▸ **TASK DESCRIPTION**
The data below should be copied out exactly, with its pictures omitted.

▸ **INFORMATION PROVIDED**
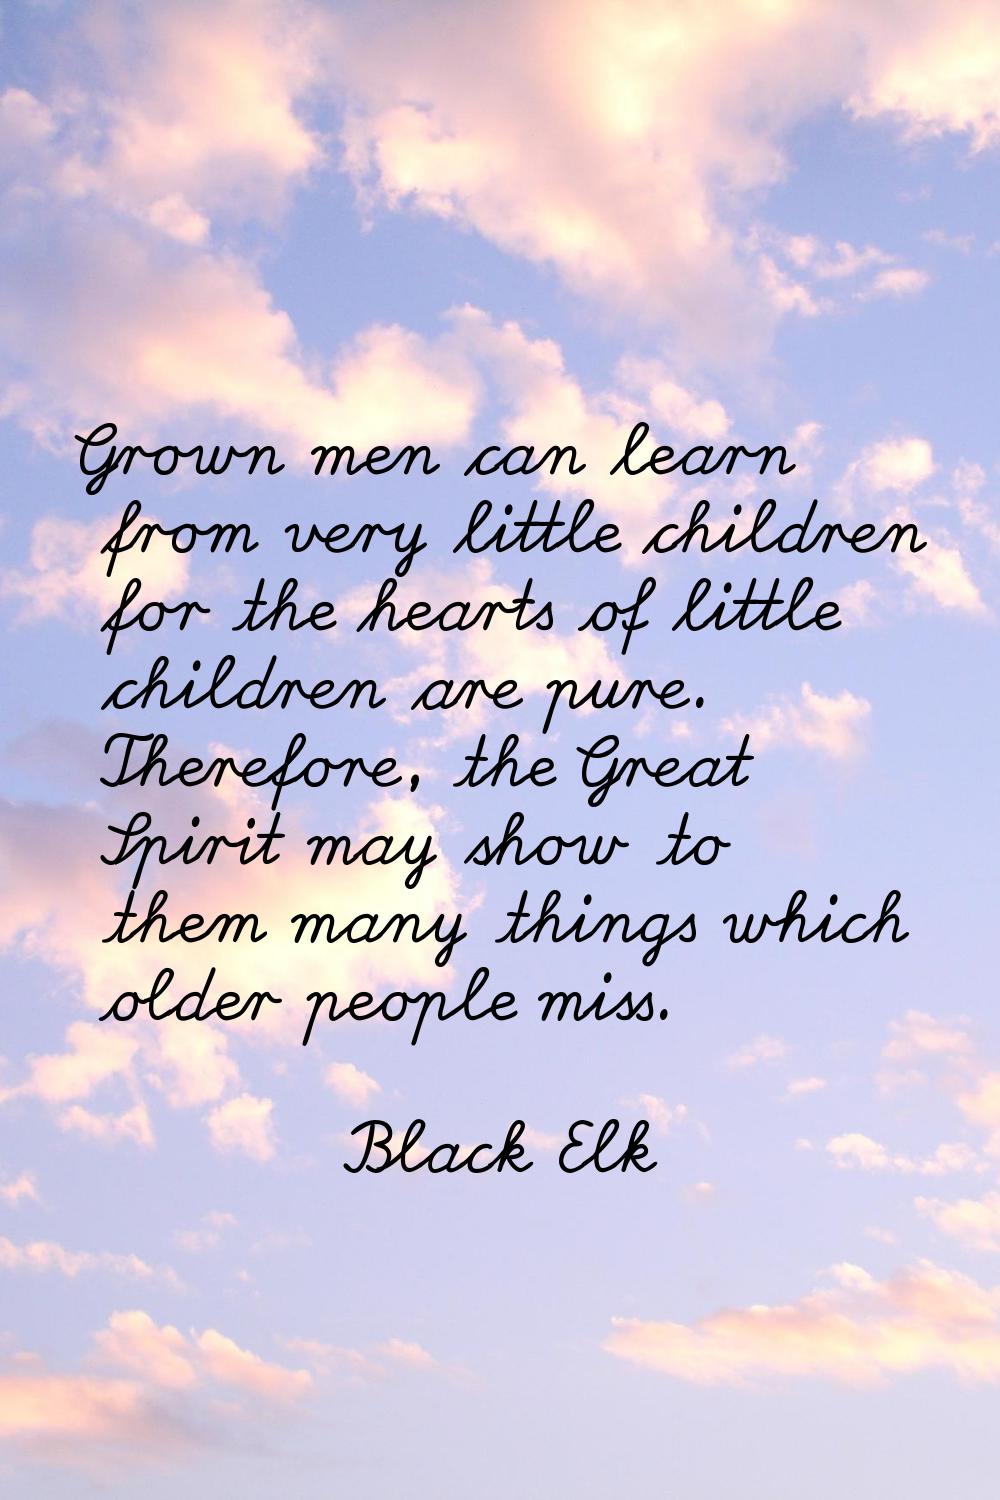 Grown men can learn from very little children for the hearts of little children are pure. Therefore
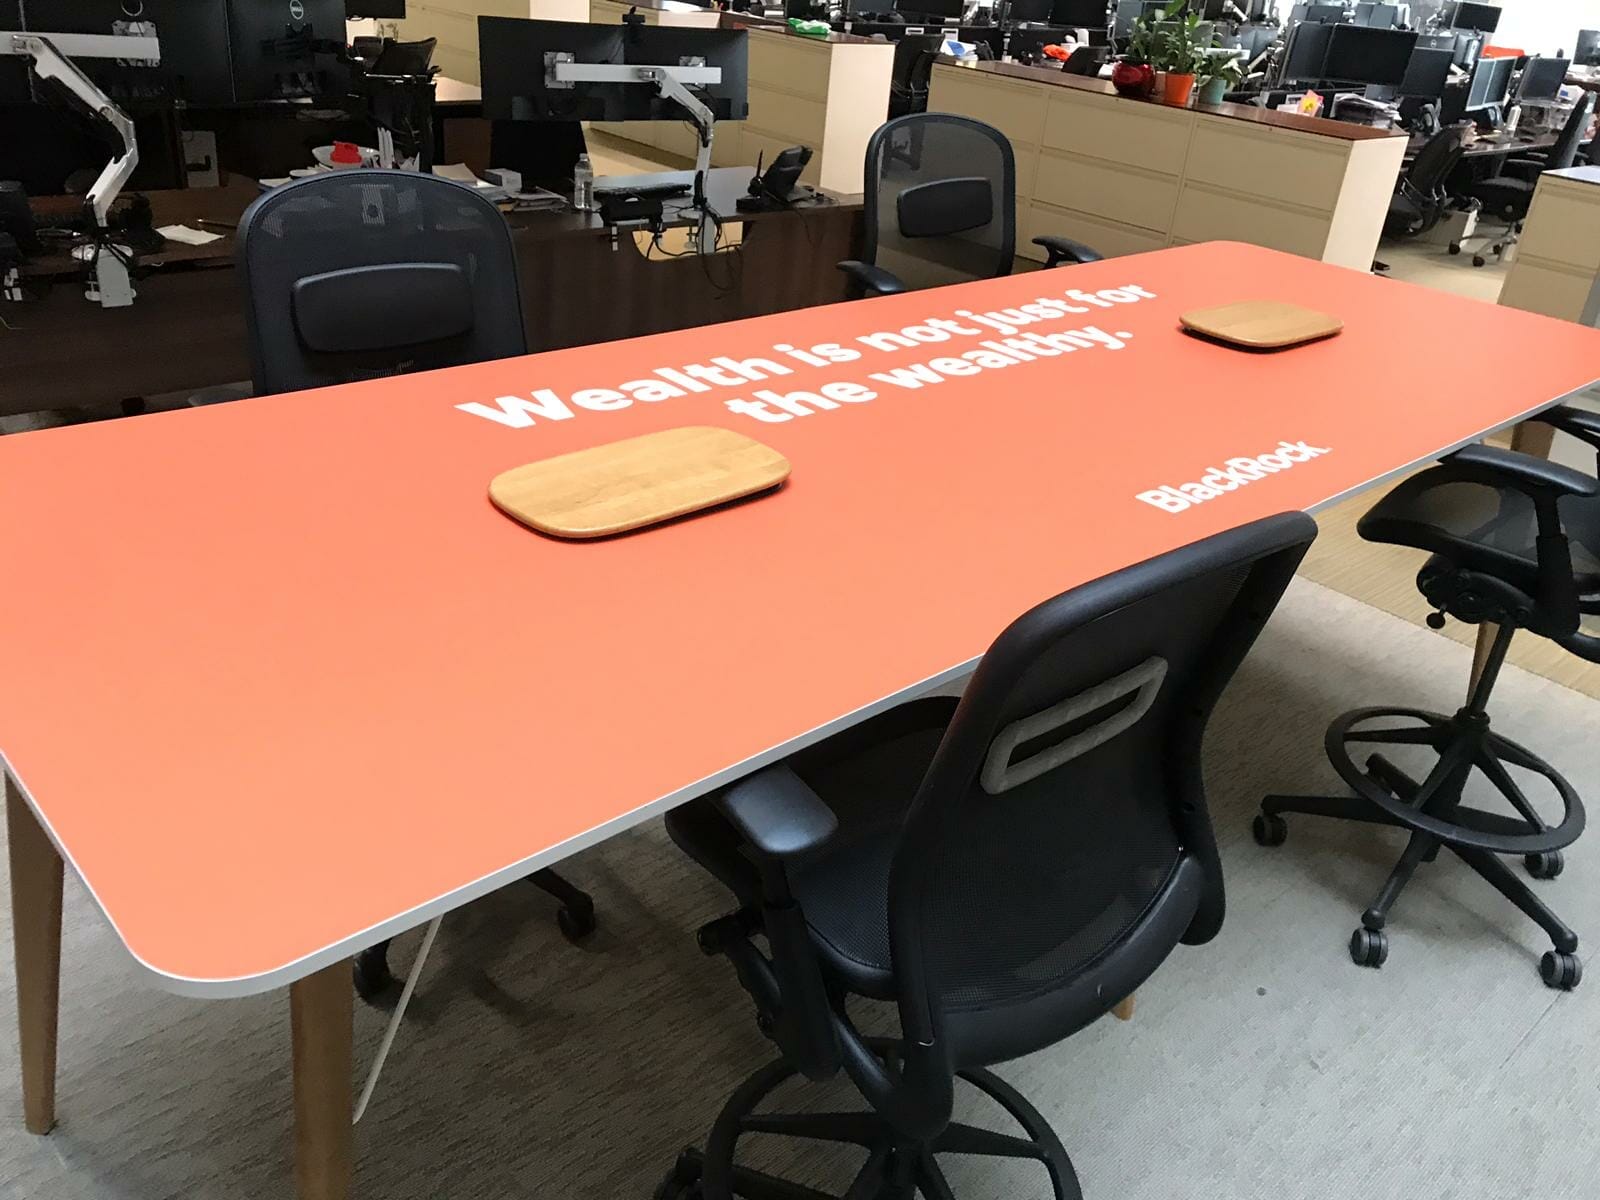 Office graphics on a table
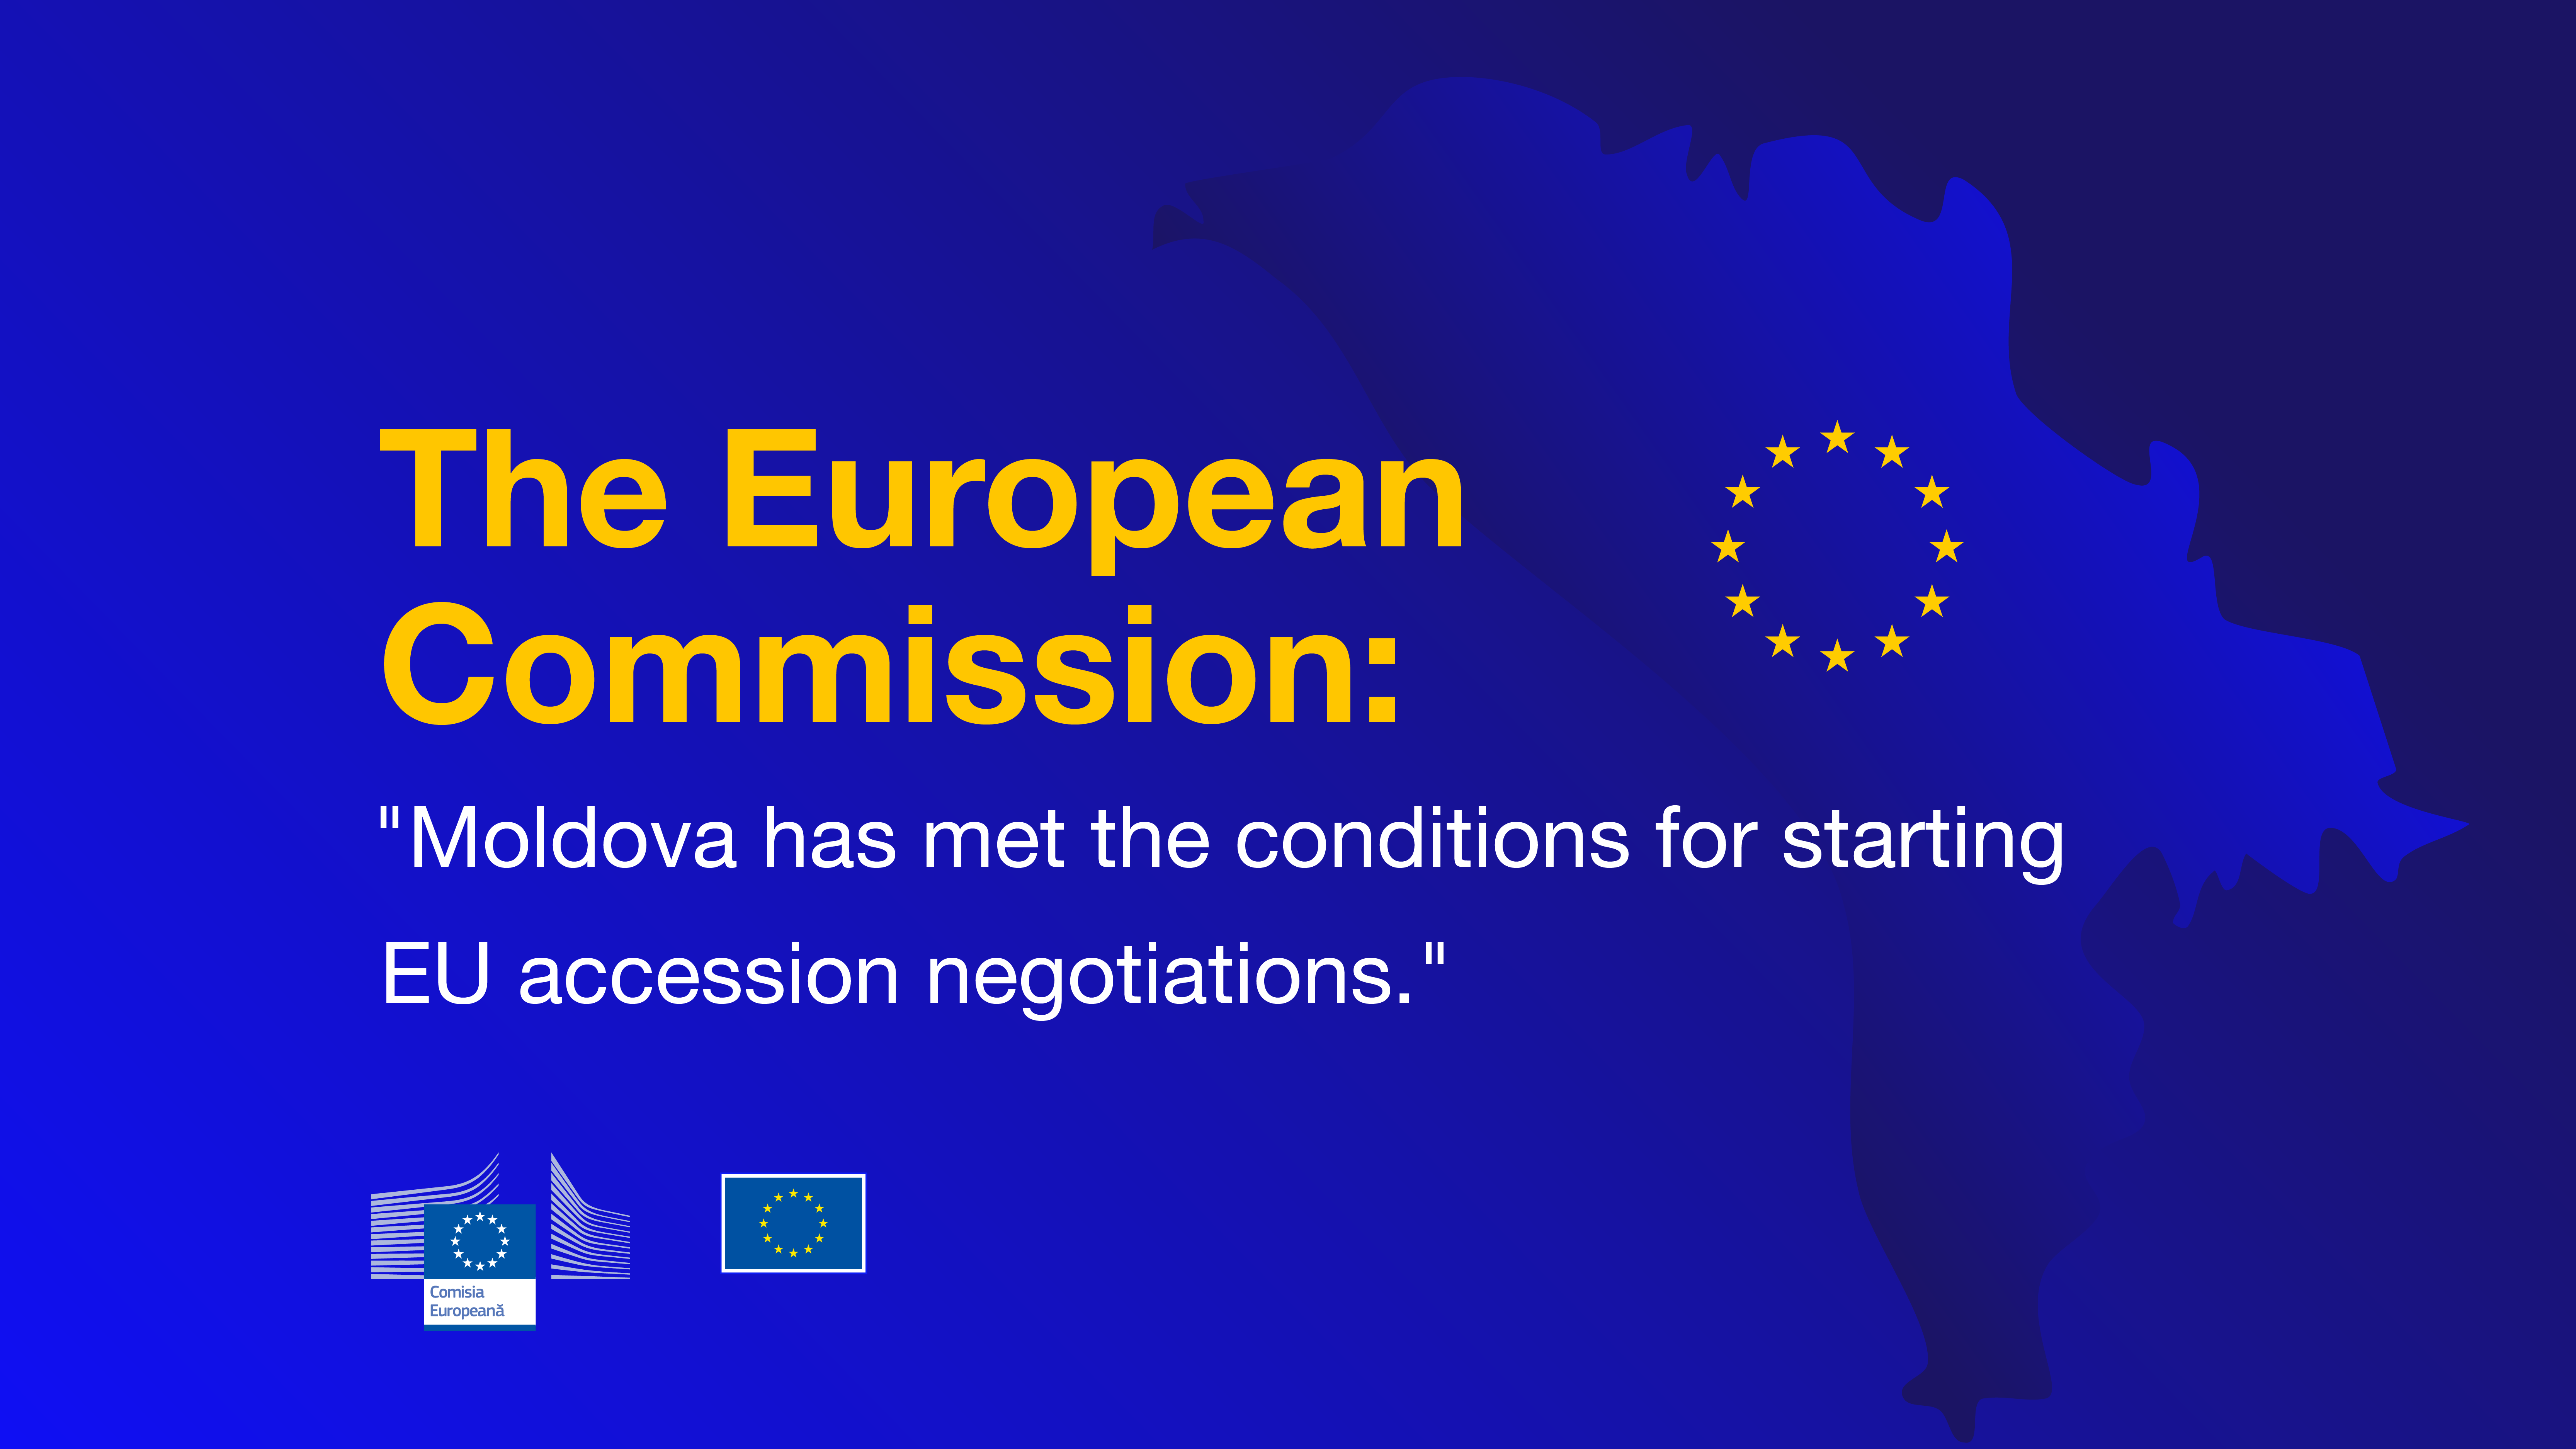 The European Commission has confirmed that Ukraine and the Republic of Moldova have met the preliminary conditions to start accession negotiations to the European Union

▸ **YOUR SOLUTION**
 Grown men can learn from very little children for the hearts of little children are pure. Therefore
 Office graphics on a table
 The European Commission has confirmed that Ukraine and the Republic of Moldova have met the preliminary conditions to start accession negotiations to the European Union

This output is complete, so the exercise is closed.